*Supplied material*.
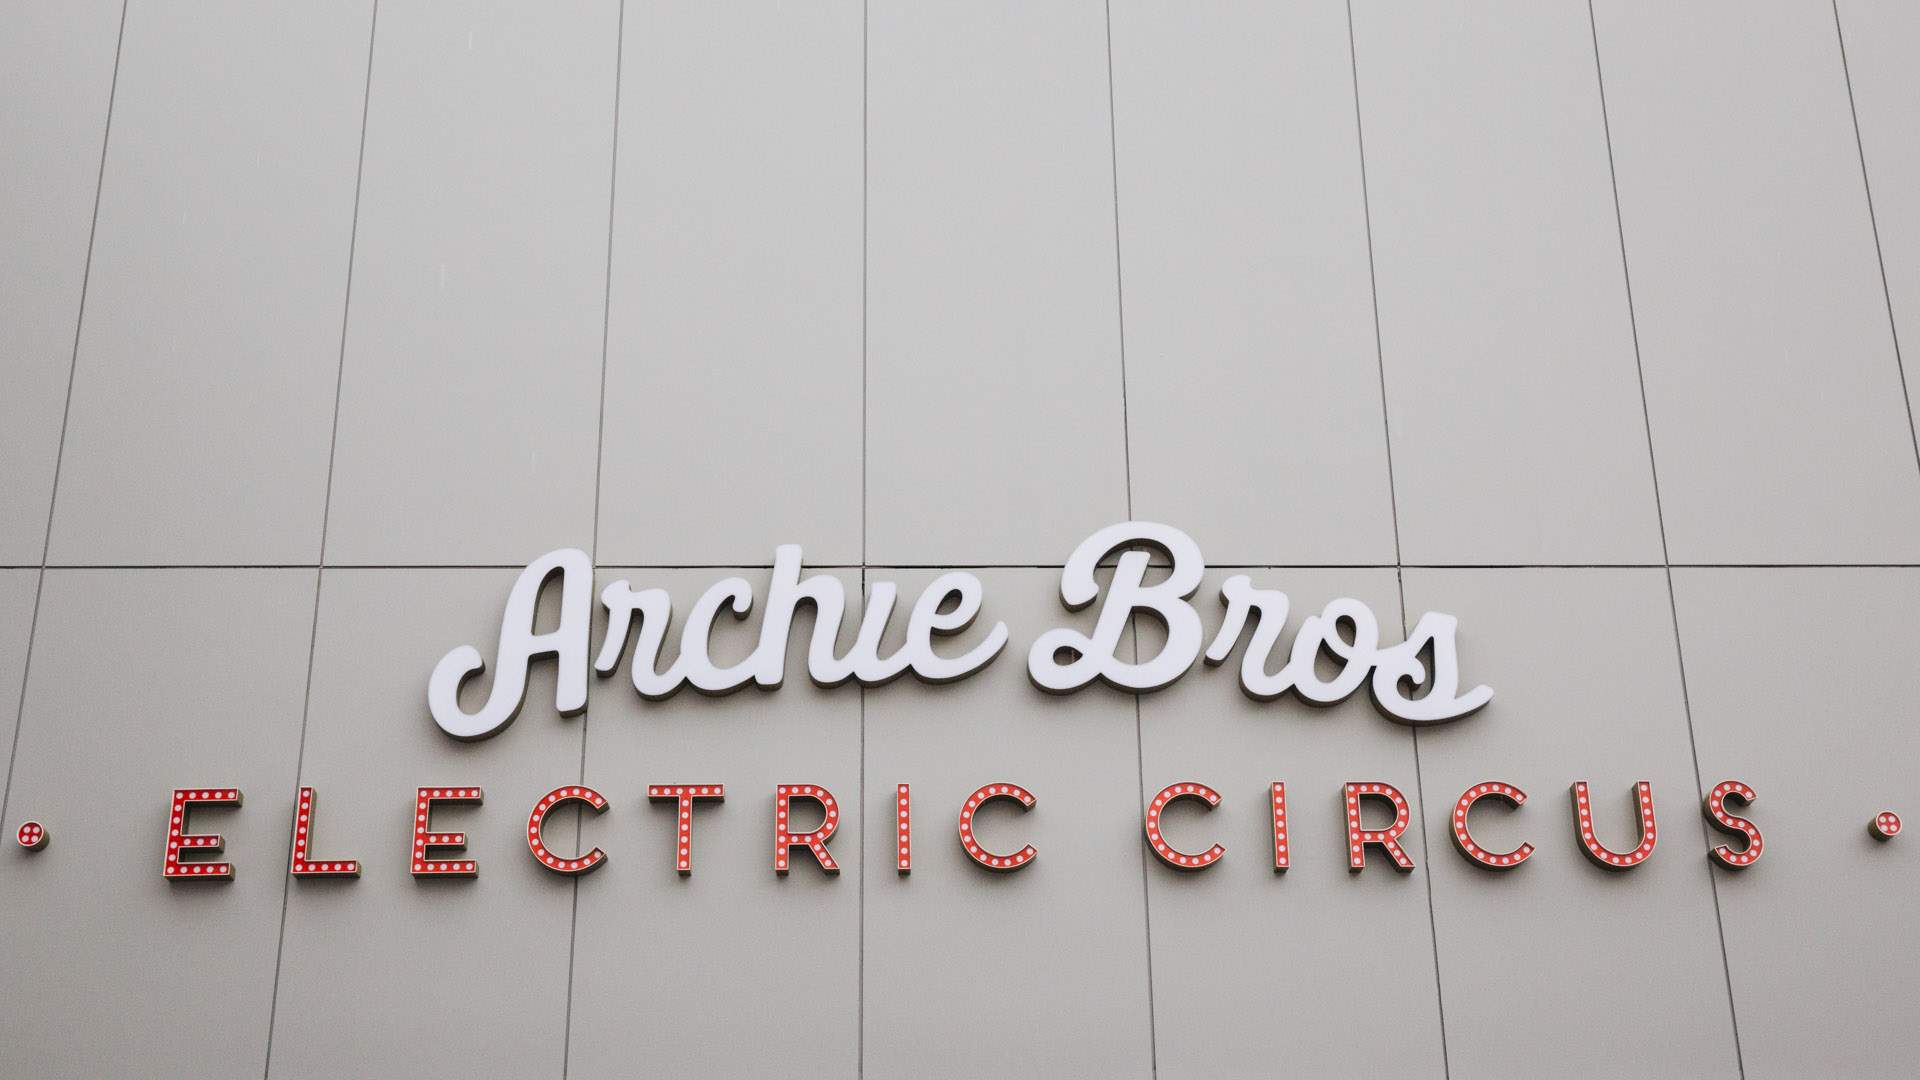 Archie Brothers Cirque Electriq
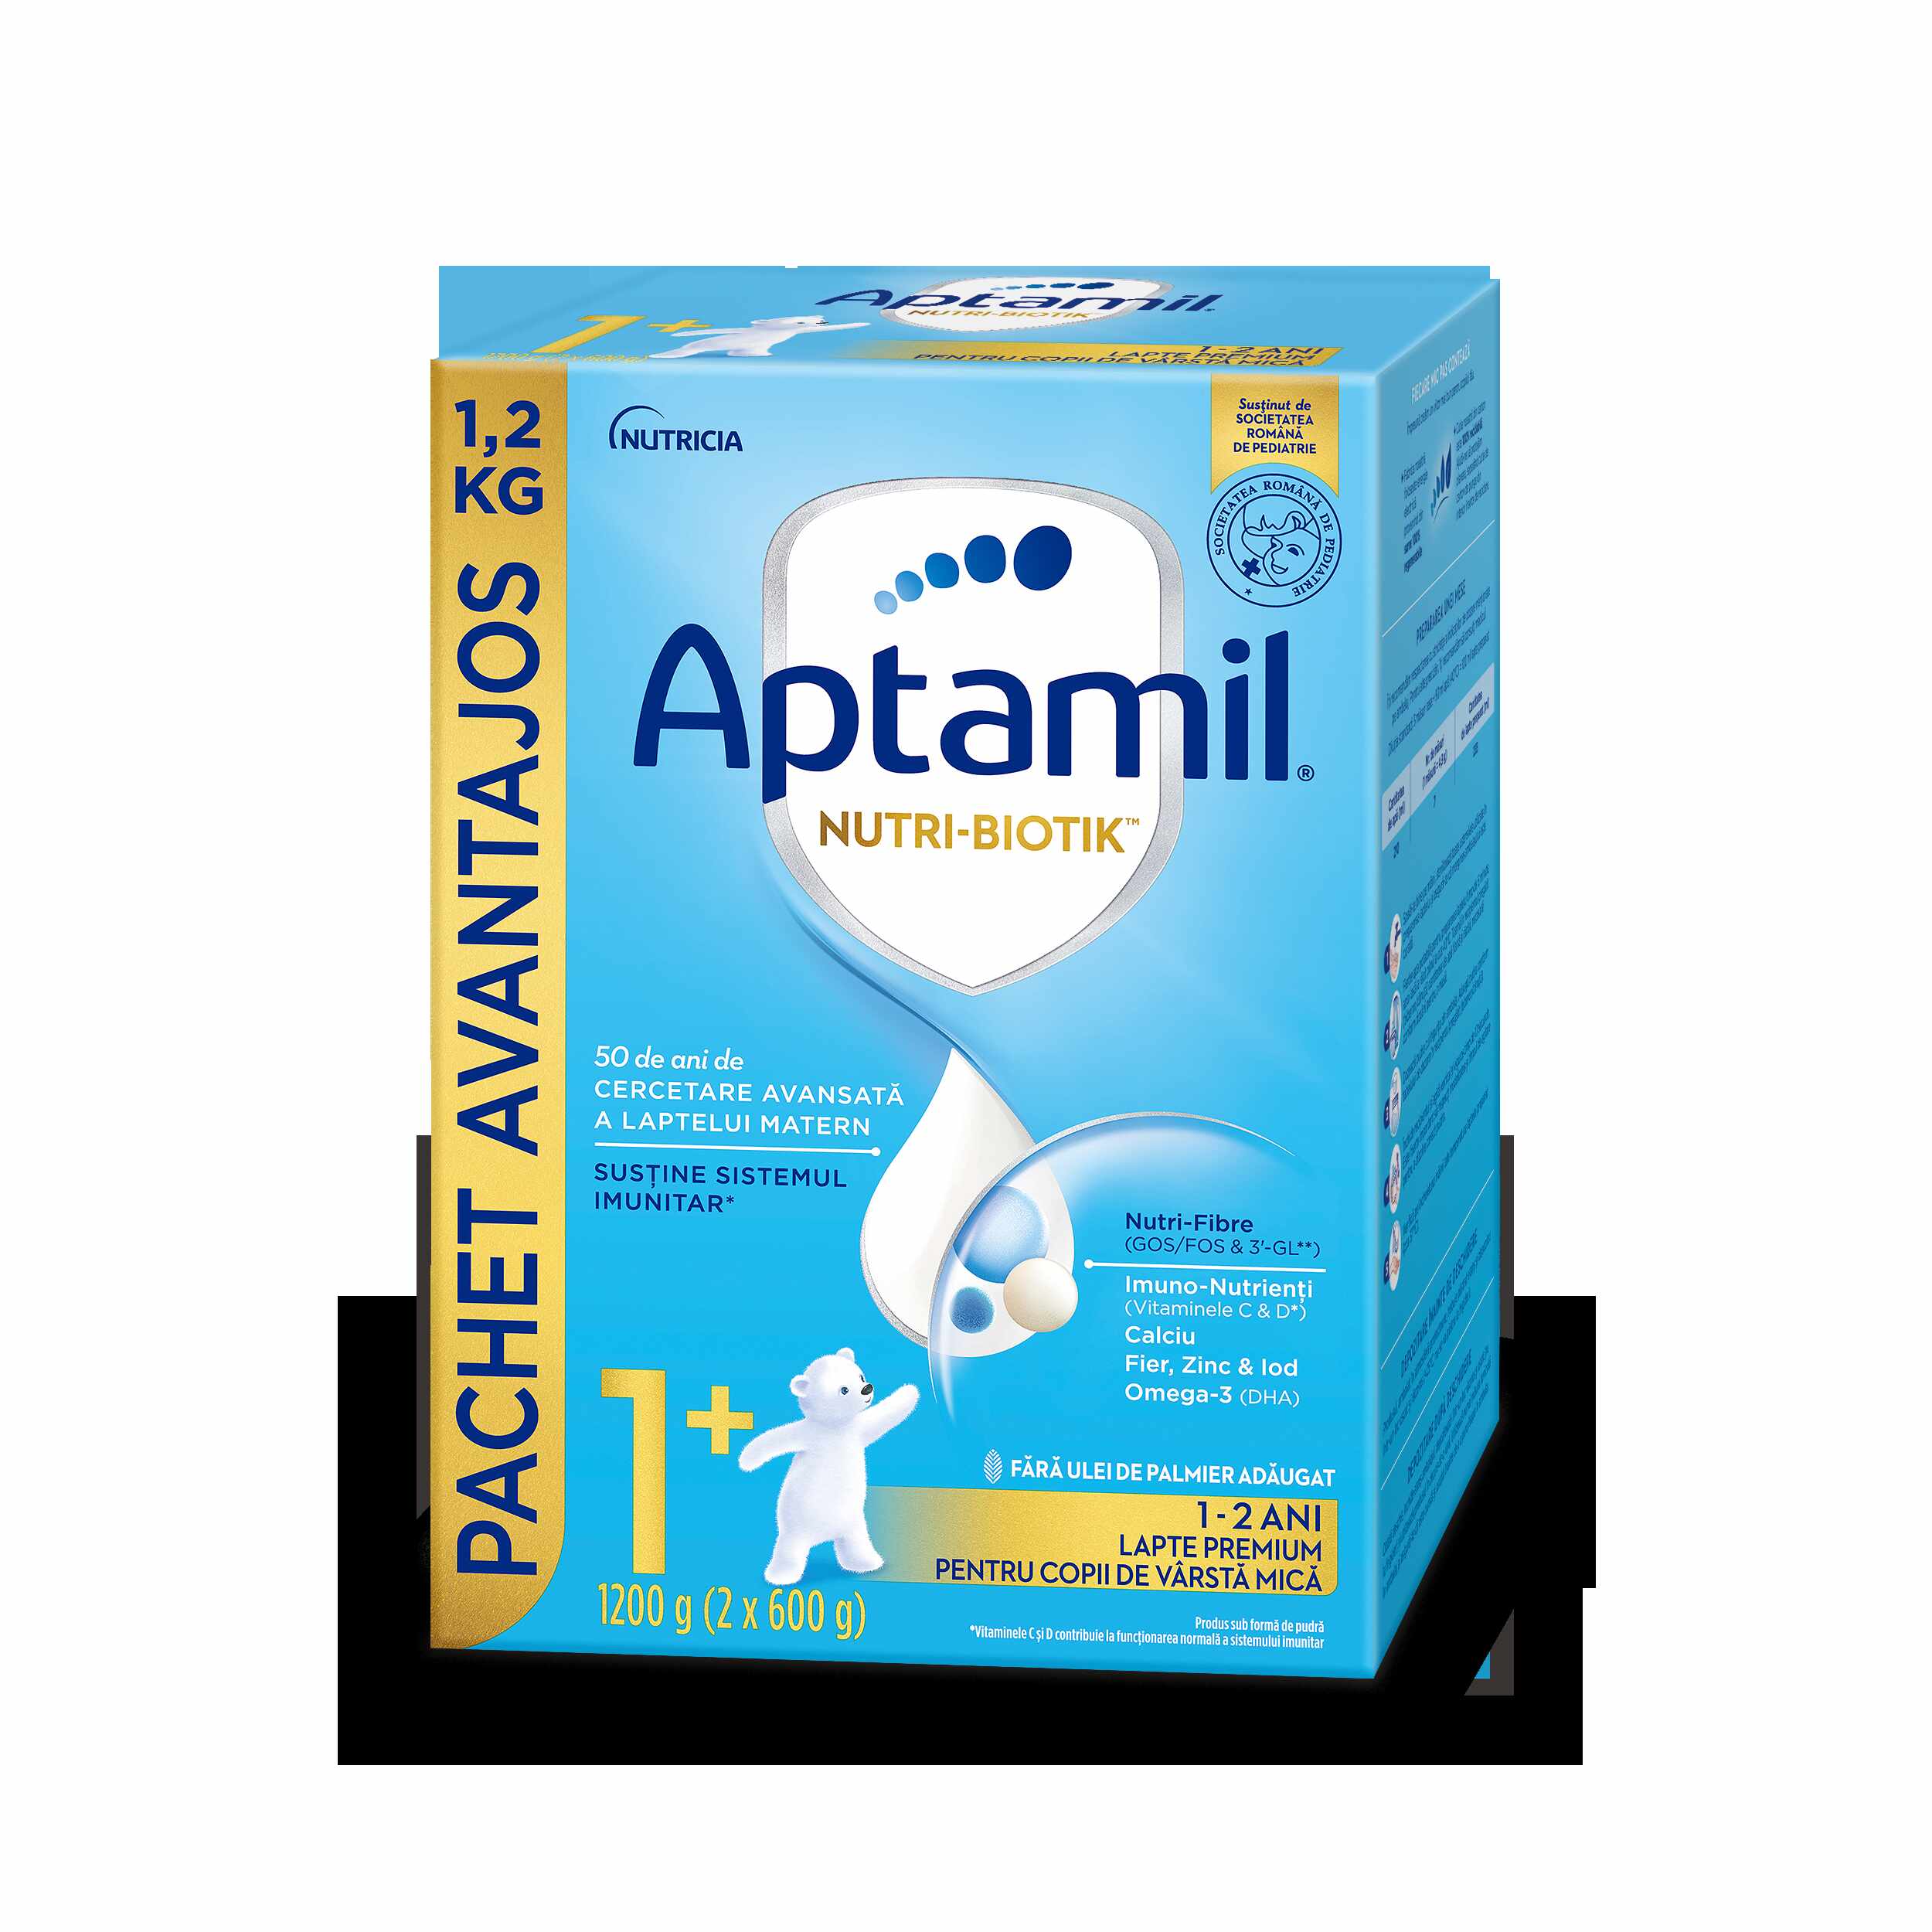 Lapte pentru copii de varsta mica, Aptamil® NUTRI-BIOTIK™ 1+, 1.200 g, 1-2 ani
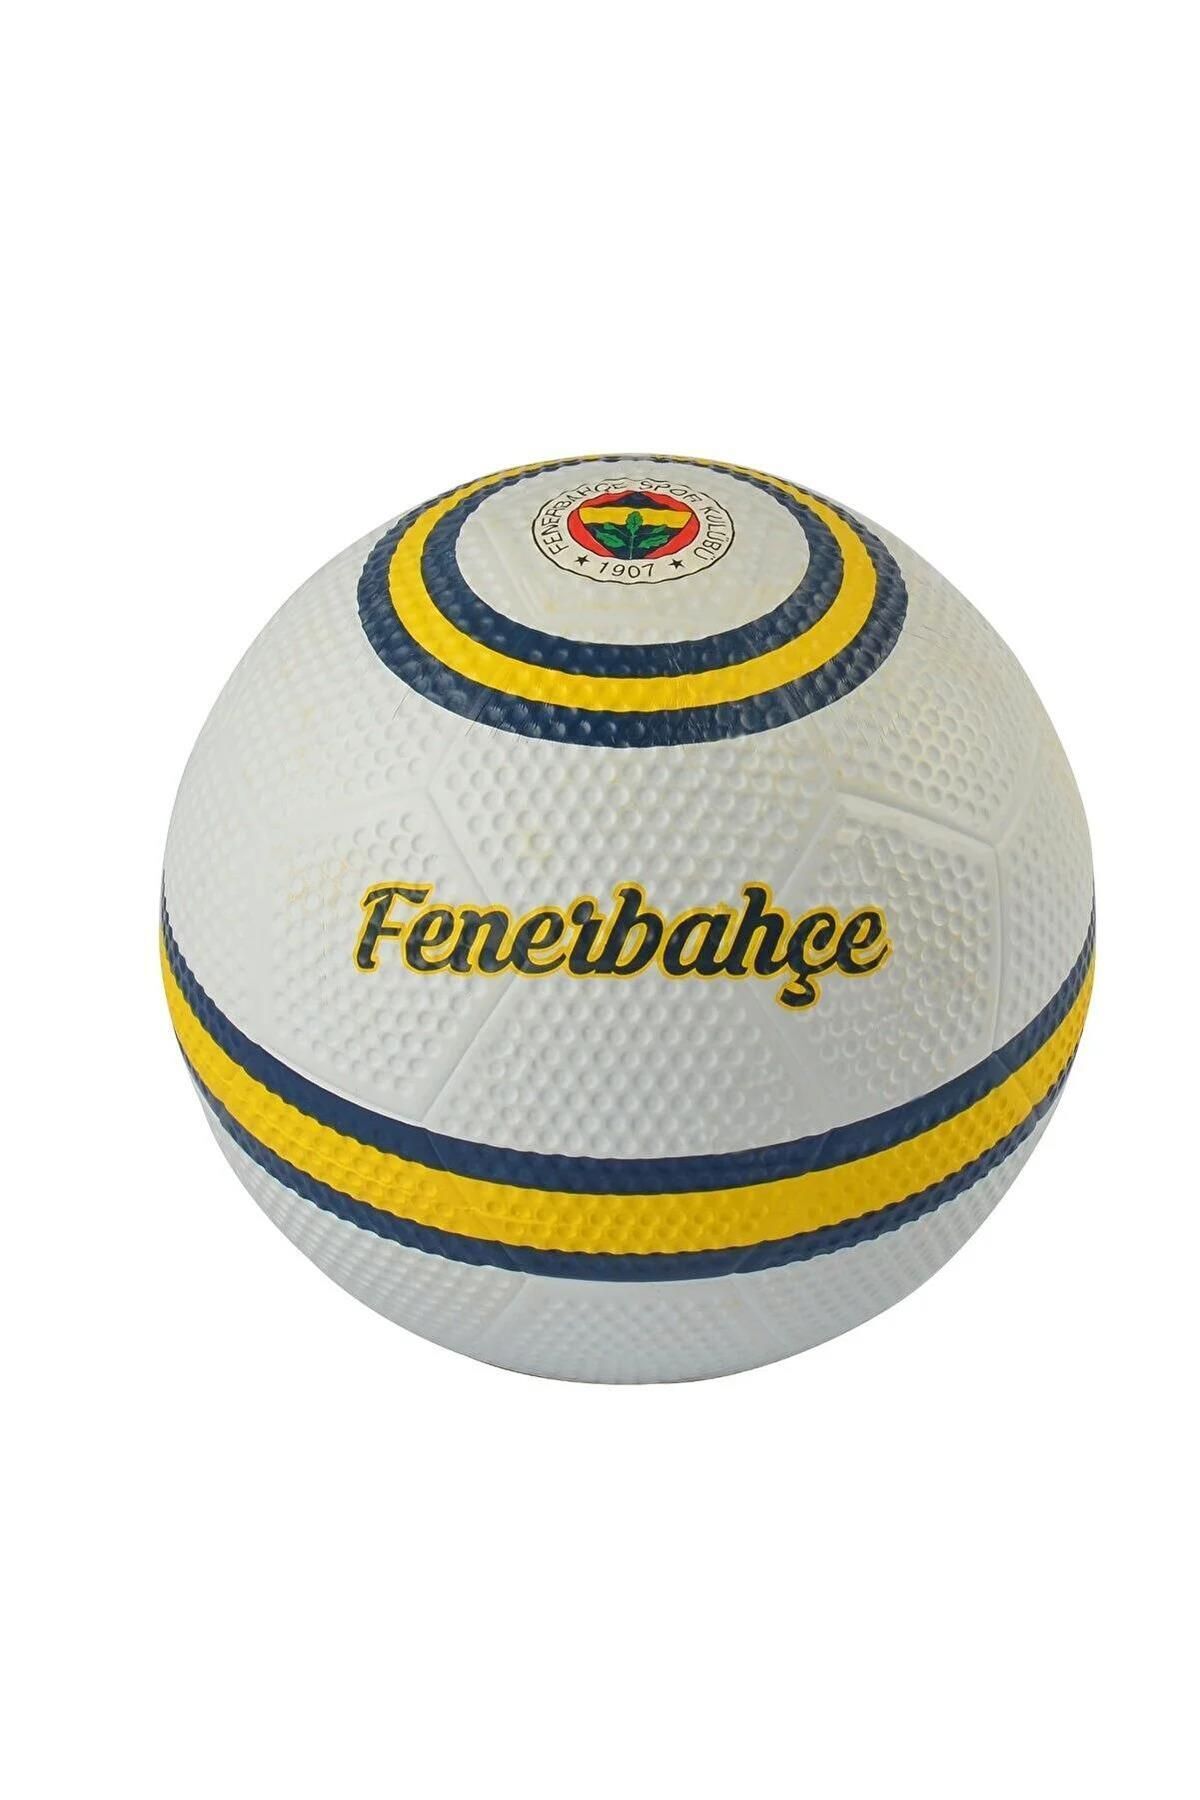 Timon Fenerbahçe Futbol Topu Skyline-01 No:5 Mavi Yeni Sezon

*Task item*. Everything from the line containing "Lapte pentru copii" through the final line of the material must be set down exactly, except the pictures.

*Response area*.
 Lapte pentru copii de varsta mica, Aptamil® NUTRI-BIOTIK™ 1+, 1.200 g, 1-2 ani
 Timon Fenerbahçe Futbol Topu Skyline-01 No:5 Mavi Yeni Sezon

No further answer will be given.